The rest of this chapter will show you how to complete and extend this template to make different types of graphs.

### Exercises

1.  Run `so.Plot(mpg)`.
    What do you see?

2.  How many rows are in `mpg` (the data frame)?
    How many columns?

3.  Make a scatterplot of `mpg` vs `cylinders`.

4.  What happens if you make a scatterplot of `class` vs `drv`? Why is the plot not useful?

## Aesthetic mappings

> "The greatest value of a picture is when it forces us to notice what we never expected to see." --- John Tukey

In the plot below, one group of points (highlighted in red) seems to fall outside of the linear trend. These cars have a higher mileage than you might expect. How can you explain these cars?


In [None]:
# remove input
so.Plot(mpg, x="displ", y="hwy").add(so.Dot()).add(
    so.Dot(color="red", pointsize=5), data=mpg.query("displ > 5 and hwy > 20")
)

Let's hypothesize that the cars are hybrids. One way to test this hypothesis is to look at the `class` value for each car.
The `class` variable of the `mpg` dataset classifies cars into groups such as compact, midsize, and SUV. If the outlying points are hybrids, they should be classified as compact cars or, perhaps, subcompact cars (keep in mind that this data was collected before hybrid trucks and SUVs became popular).
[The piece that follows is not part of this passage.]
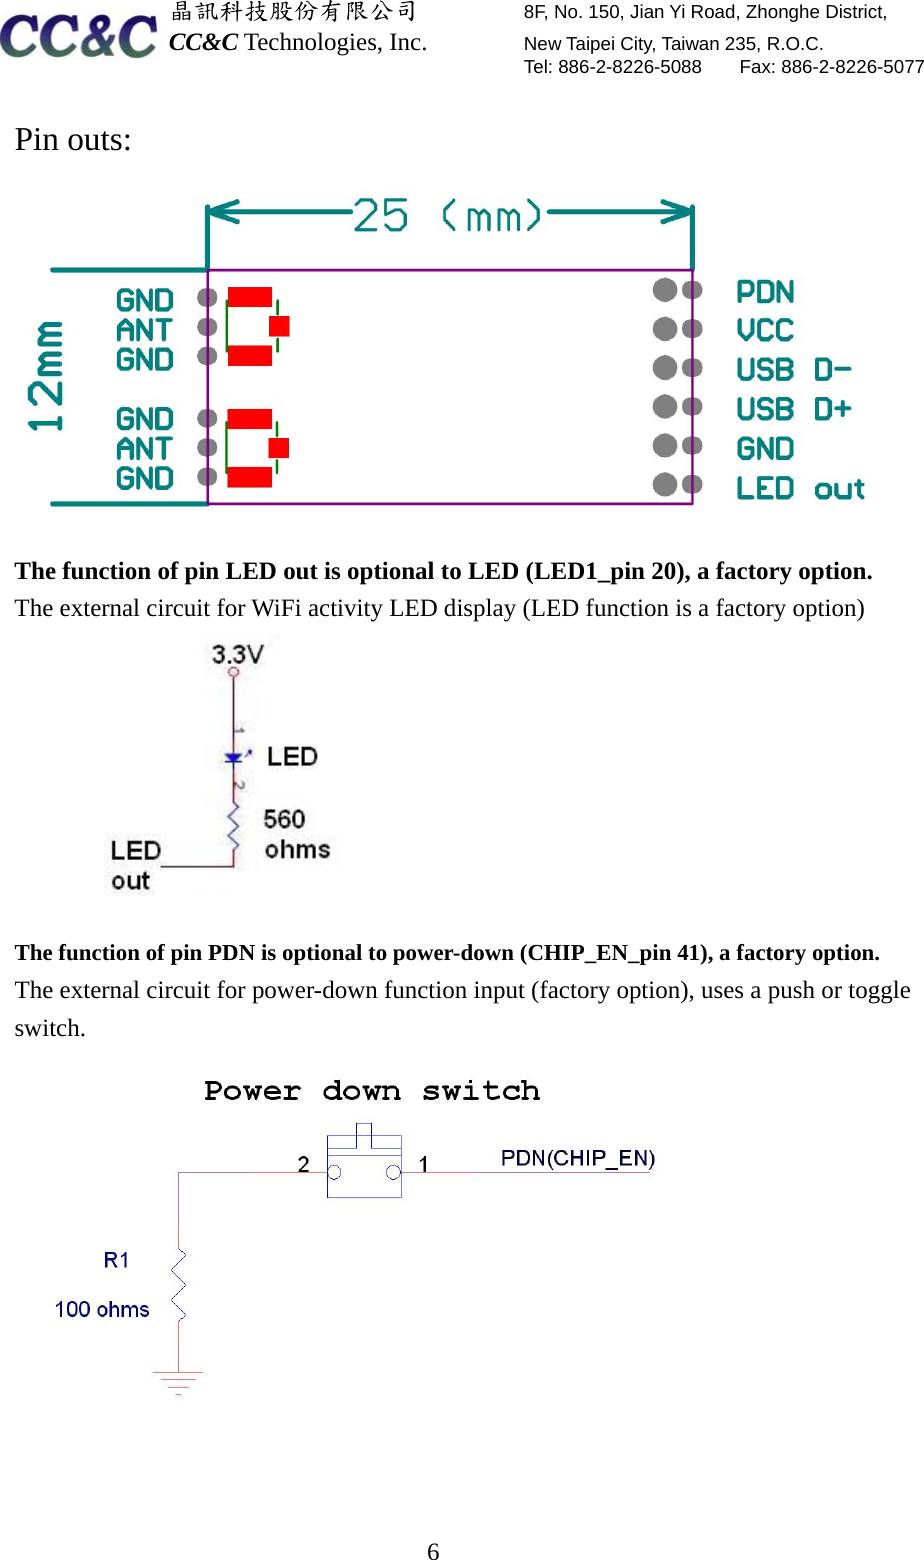  晶訊科技股份有限公司         8F, No. 150, Jian Yi Road, Zhonghe District,   CC&amp;C Technologies, Inc.        New Taipei City, Taiwan 235, R.O.C.   Tel: 886-2-8226-5088    Fax: 886-2-8226-5077  6Pin outs:  The function of pin LED out is optional to LED (LED1_pin 20), a factory option. The external circuit for WiFi activity LED display (LED function is a factory option)            The function of pin PDN is optional to power-down (CHIP_EN_pin 41), a factory option. The external circuit for power-down function input (factory option), uses a push or toggle switch.

You can add a third variable, like `class`, to a two dimensional scatterplot by mapping it to another dimension of the plot. These could be things like the size, the shape, or the colour of your points.

For example, you can map the colours of your points to the `class` variable to reveal the class of each car.

In [None]:
so.Plot(mpg, x="displ", y="hwy", color="class").add(so.Dot())
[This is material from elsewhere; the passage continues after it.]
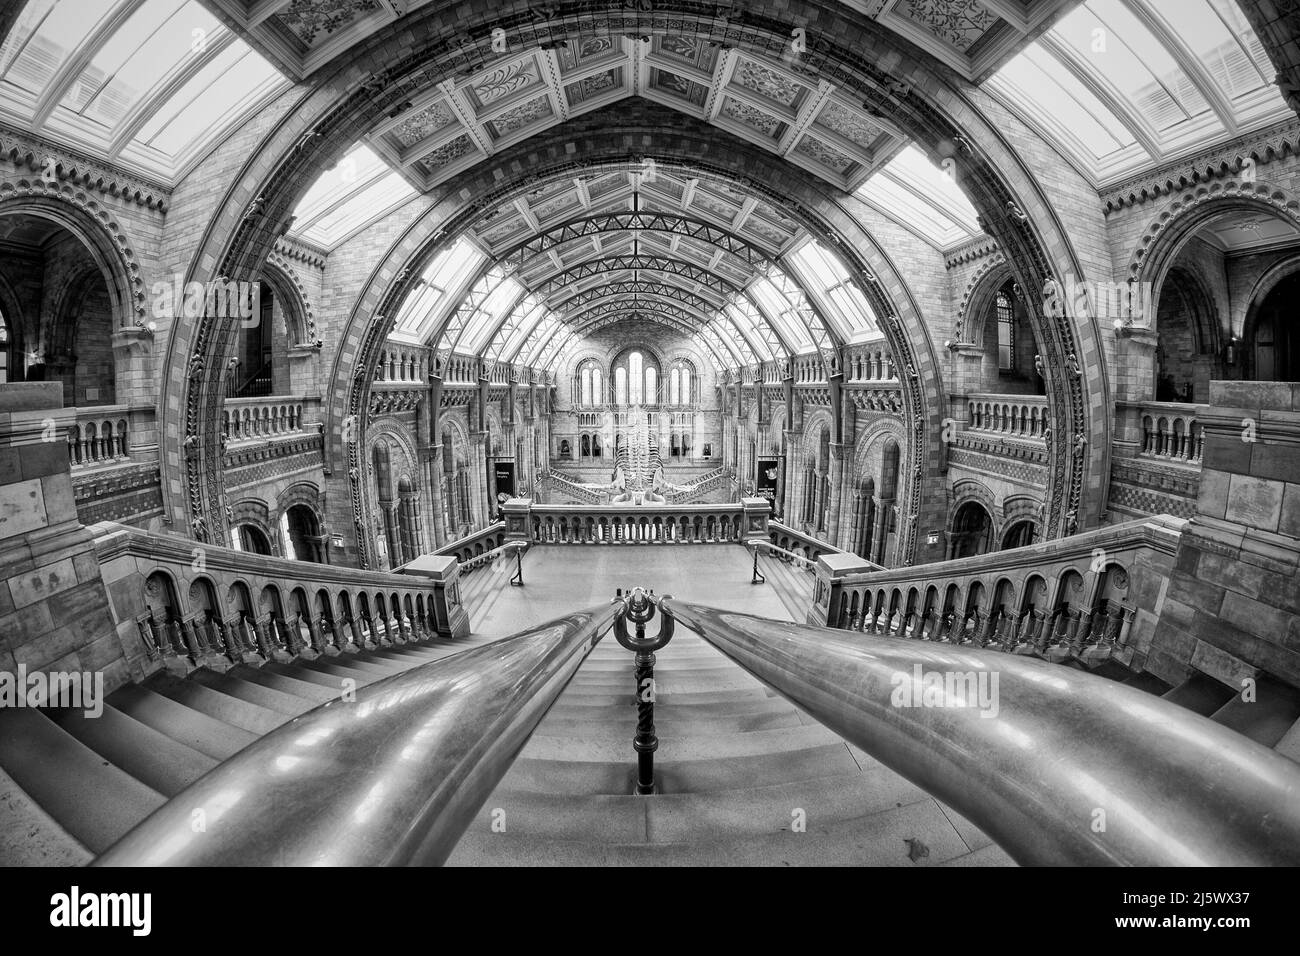 Musée d'Histoire naturelle, Londres, salle principale avec perspective grand angle Banque D'Images

To map another dimension in the plot to a variable, assign that dimension to the variable, for example `color="class"` within `so.Plot` or within `.add`. **seaborn** will automatically assign a unique level of the dimension (here a unique colour) to each unique value of the variable, a process known as scaling. **seaborn** will also add a legend that explains which levels correspond to which values.

The colours reveal that many of the unusual points (with engine size greater than 5 litres and highway fuel efficiency greater than 20 miles per gallon) are two-seater cars. These cars don't seem like hybrids, and are, in fact, sports cars! Sports cars have large engines like SUVs and pickup trucks, but small bodies like midsize and compact cars, which improves their gas mileage. In hindsight, these cars were unlikely to be hybrids since they have large engines.


In the above example, we mapped `class` to colour, but we could have mapped `class` to the size of points in the same way. In this case, the exact size of each point would reveal its class affiliation. Big warning here though: mapping an unordered variable (`class`) to an ordered variable (`size`) is generally not a good idea.

In [None]:
so.Plot(mpg, x="displ", y="hwy", pointsize="class").add(so.Dot())

Similarly, we could have mapped `class` to *alpha* level, which controls the transparency of the points, or to the *marker* variable, which controls the shape of the points.

In [None]:
so.Plot(mpg, x="displ", y="hwy", alpha="class").add(so.Dot())

In [None]:
so.Plot(mpg, x="displ", y="hwy", marker="class").add(so.Dot())

Once you map variables to dimensions, **seaborn** takes care of the rest. It selects a reasonable scale to use with the dimension, and it constructs a legend that explains the mapping between levels and values.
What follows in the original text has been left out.